So many of you have written to tell me about how they’ve enabled you to survive long meetings, fueled you after a workout, and become a favorite of your kids. In fact, this recipe is so simple, many of you bake them with your kiddos too!

The origin of this baked oatmeal bars recipe is my friend Elisabeth. She created it in a desperate quest to find a healthy oatmeal breakfast bar that wasn’t as sweet as Healthy Oatmeal Cookies and would keep her first-year medical-resident husband full during the long hours he had to endure between breaks at the hospital.

She offered me one while Ben and I were visiting her in Nashville, and I was simultaneously hooked and FULL.

Oatmeal breakfast bars have been a regular in my breakfast and snack recipe rotation ever since (they’re also the base for my Strawberry Oatmeal Breakfast Bars).

3 healthy Oatmeal Breakfast Bars surrounded by bananas, oats, and peanut butter

5 Star Review

“I made these bars for breakfast every day last year!! They are amazing: keep me full all morning, lightly sweet.”

— Dawn —

How to Make Oatmeal Breakfast Bars

This soft-baked oatmeal breakfast bar recipe combines the three musketeers of breakfast flavors: peanut butter, banana, and oatmeal. It’s a trio that’s comforting, homey, and classic in the best possible way.

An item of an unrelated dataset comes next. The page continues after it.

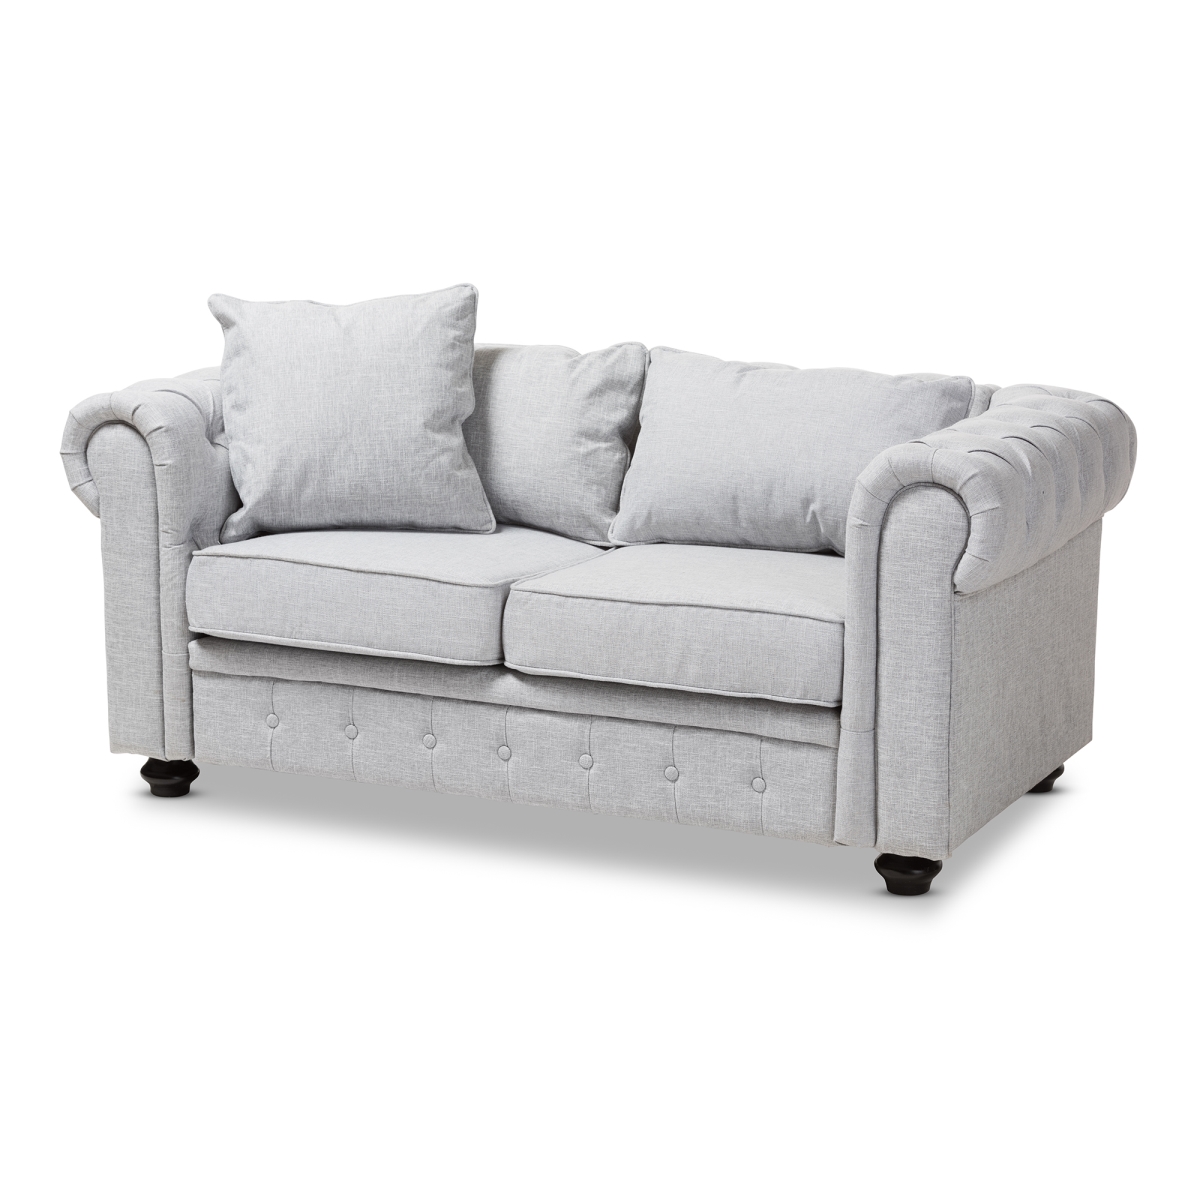 Rx1616-gray-ls Alaise Modern Classic Chesterfield Loveseat, Grey

For another healthy and hearty breakfast on the go, try my No Bake Granola Bars.

TIP!

While these oatmeal bars are fine on their own, my favorite way to eat them is warmed up for breakfast with extra sliced bananas and peanut butter.


The Ingredients

  • Old Fashioned Oats. Make these bars wholesome, filling, and slightly chewy (like these Granola Cookies). For best results, do not swap for quick or instant oats as this will impact the overall texture of the bars.
  • Whole Wheat Flour. I will always take any opportunity to sneak in some whole grain goodness into a recipe (see these Apple Oatmeal Cookies. If you don’t have whole wheat flour on hand, you may swap for an equal amount of all-purpose flour.
  • Cinnamon. Warm, earthy cinnamon pairs perfectly with the tender, nutty oats, and creamy dreamy peanut butter.
  • Banana. Adds moisture and naturally sweetens the bars (just like in Healthy Banana Bread). If you don’t love bananas, you may swap for other fresh or dried fruit. Blueberries are a wonderful substitution and raisins or dried cranberries are another great option.
  • Honey. Helps bind the ingredients together, adds sweetness, and helps the bars caramelize and turn golden in the oven.
  • Peanut Butter. Gives these oatmeal breakfast bars a subtle peanut butter flavor. Almond butter, sun butter, or cashew butter may also be used.
  • Applesauce. Another all-natural sweetener for these healthy oat bars that also adds moisture and helps bind everything together. (It does the same thing for these Applesauce Muffins.)
  • Milk. Helps bring everything together into a cohesive batter.
  • Baking Powder. Gives these bars a gentle rise and soft-baked texture.
  • Egg. Keeps these bars soft and tender.
  • Vanilla. Just a kiss of pure vanilla extract to marry everything together.
Bananas, oats, honey, cinnamon, and peanut butter on a weathered wood board

The Directions

  1. Combine the dry ingredients
  2. In a separate bowl, stir together the milk, applesauce, egg, honey, peanut butter, and vanilla until smooth.
  3. Add the dry ingredients into the wet mixture and stir to combine.
  4. Fold in the diced banana.
  5. Pour the batter into a greased baking pan.
  6. Bake in a 375 degree F oven golden. Remove, cool, and cut into bars. ENJOY!
Homemade soft-baked oat bars on a white countertop with bananas and peanut butter

Recommended Tools to Make this Recipe

Whether you are seeking to survive a shift at the hospital, your 8 a.m. meeting, or looking for an easy snack your kids will love, these portable, tasty, and super-satisfying bars are sure to satisfy.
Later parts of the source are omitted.